O reconhecimento prévio do local foi feito apenas por meio de informações obtidas em bancos de dados e Google Street View. Membros do Ministério Público de São Paulo disseram que também não fizeram nenhum tipo de campana ou vigilância ao redor da casa nos dias anteriores à operação.
A Promotoria do Estado responsável pelo processo, neste caso o Rio de Janeiro, avisa o órgão onde será feita a operação de que há chances de uma decisão judicial desencadear uma operação. Como o caso corre em sigilo, eles não passam o endereço com antecedência.

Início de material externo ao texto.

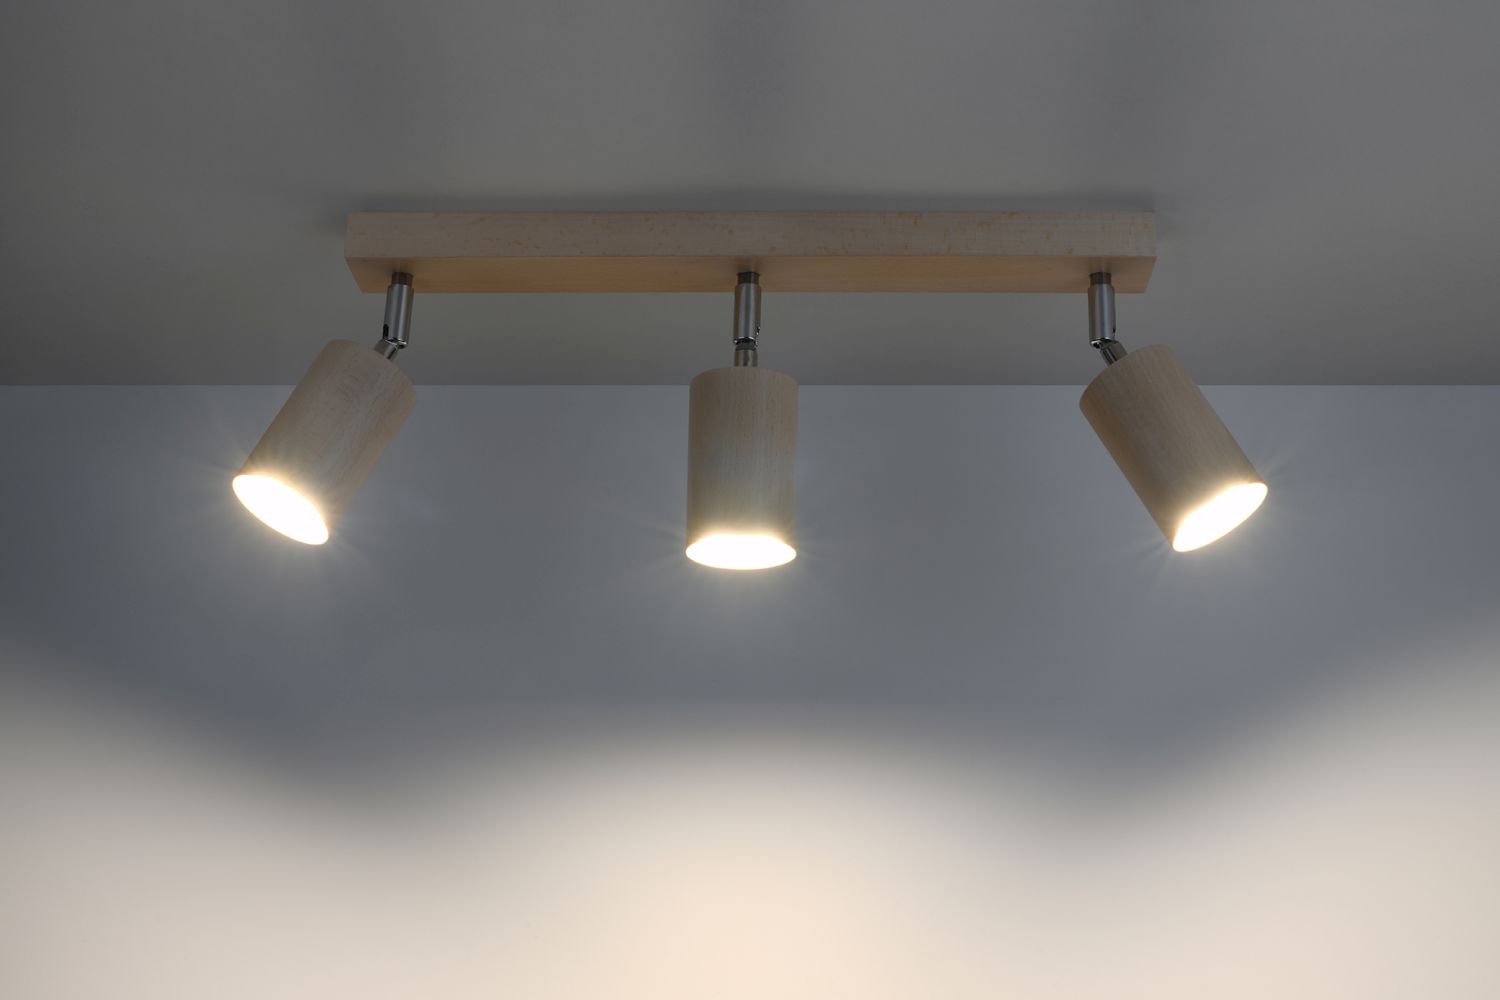 Deckenlampe Holz L:45cm 3x GU10 Strahler Spot Lampe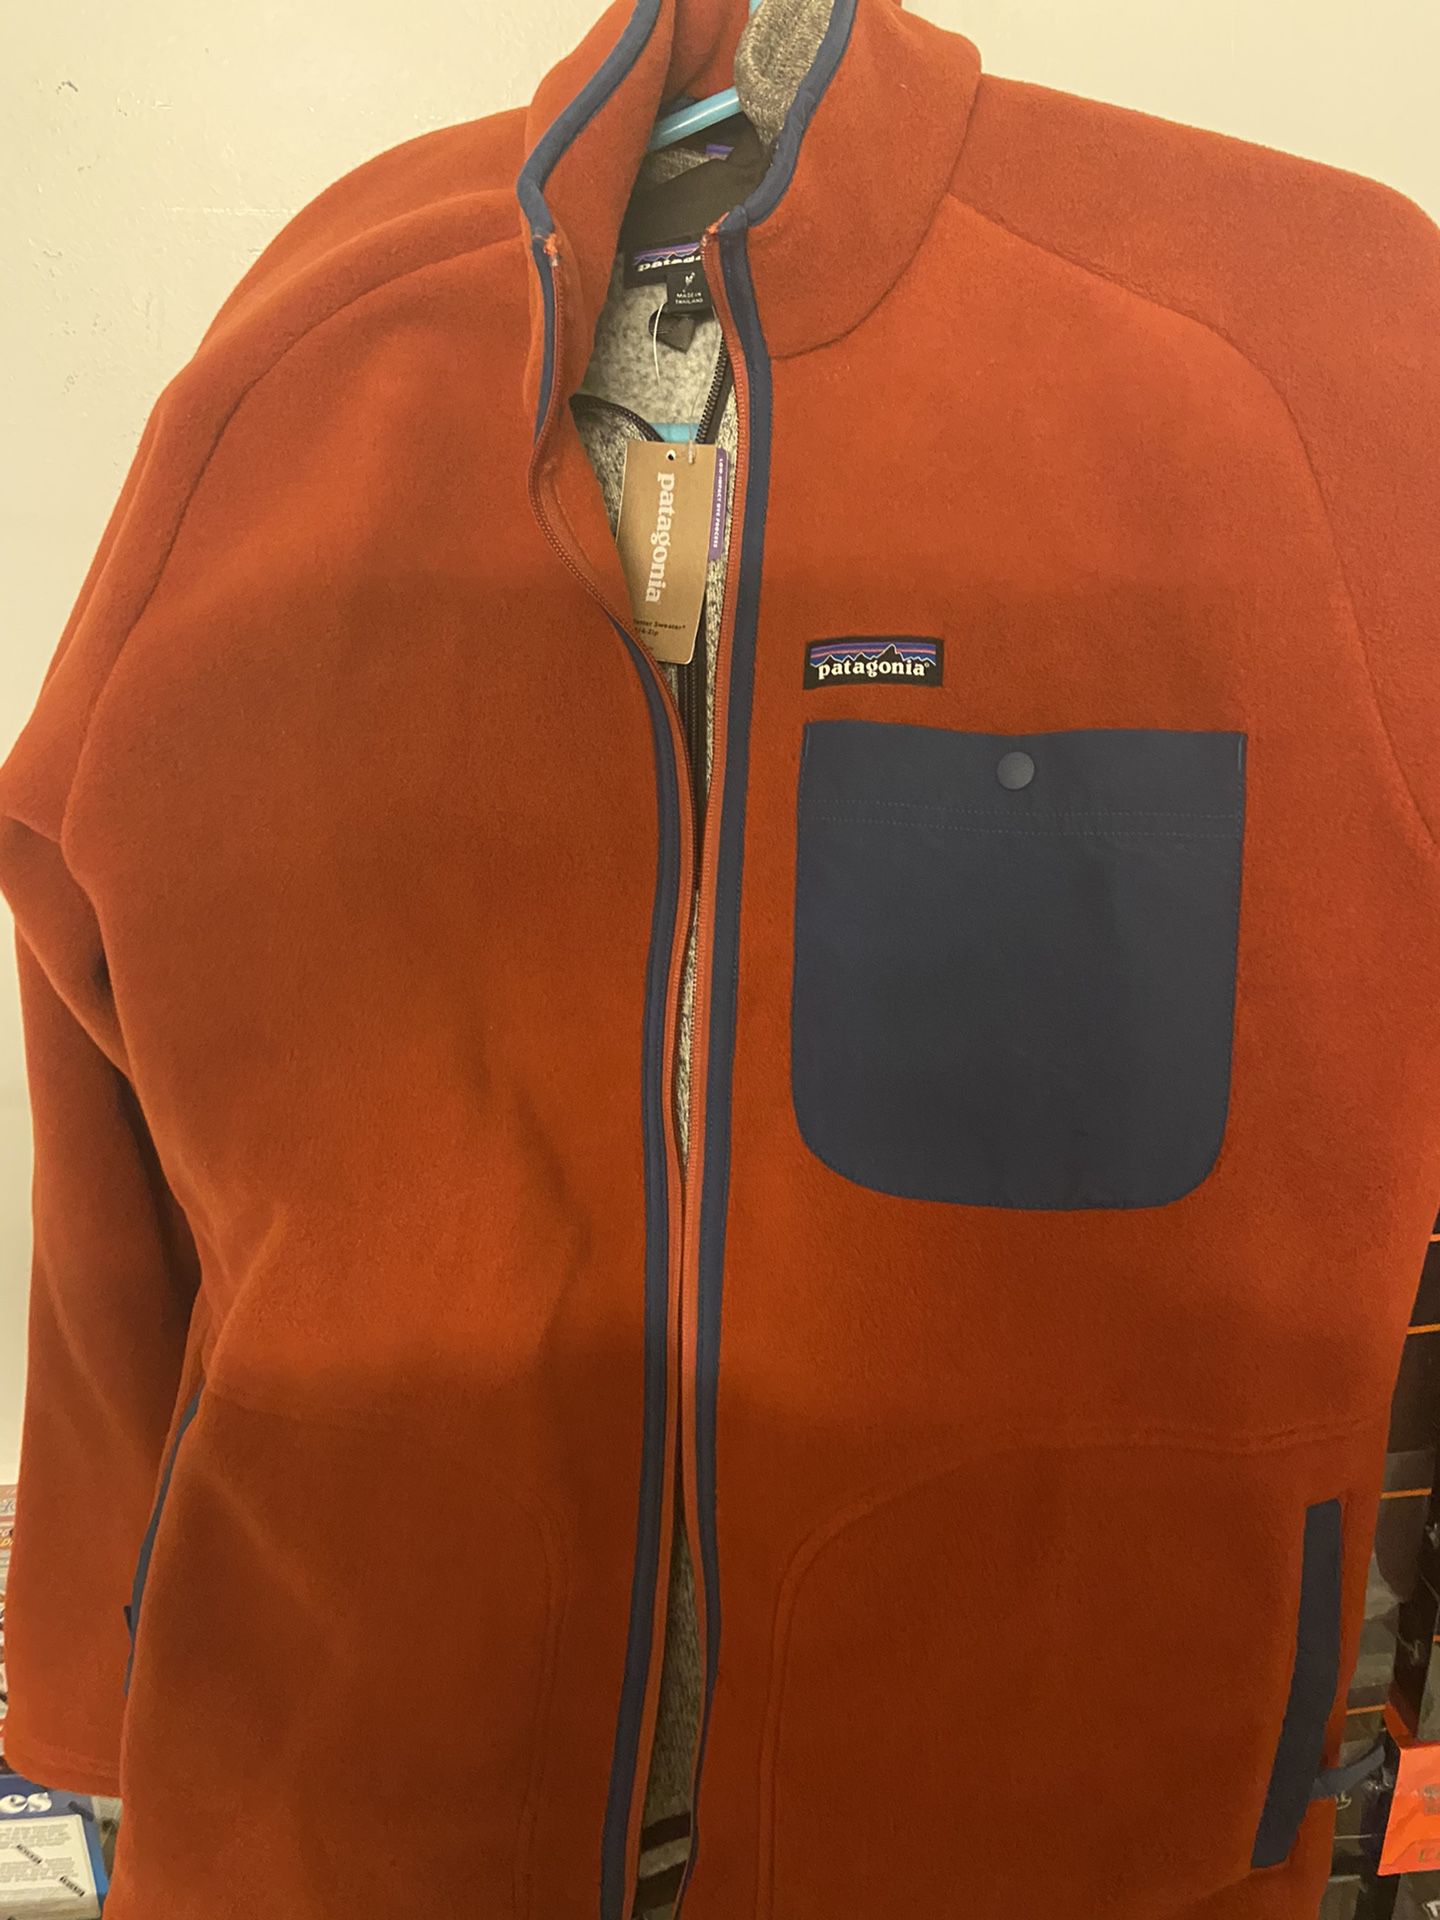 Patagonia Orange Fleece Sz L Brand New With Tags

"Quando sai a decisão, eles dizem: 'Olha, vamos ter um mandado na região de Campinas. Quem cumpre?'. E a gente direciona", explicou um promotor paulista à reportagem.
Ele explica que a primeira atitude que os promotores tomam quando isso acontece é solicitar apoio para cumprir a operação.
"A entrada no domicílio quem tem preparo para fazer é a polícia. O alvo pode ter uma arma, reagir e isso é contido pela polícia", afirmou.
Os policiais e promotores que participaram da operação negaram a informação que circula nas redes sociais de que Queiroz pudesse estar sendo mantido refém no local.
"Os muros da casa eram baixos, só tinha um caseiro e a mulher dele no imóvel. Seria muito fácil fugir. Ele ainda estava com dois celulares. Todas as circunstâncias não são as que normalmente ocorrem num sequestro", afirmou um promotor.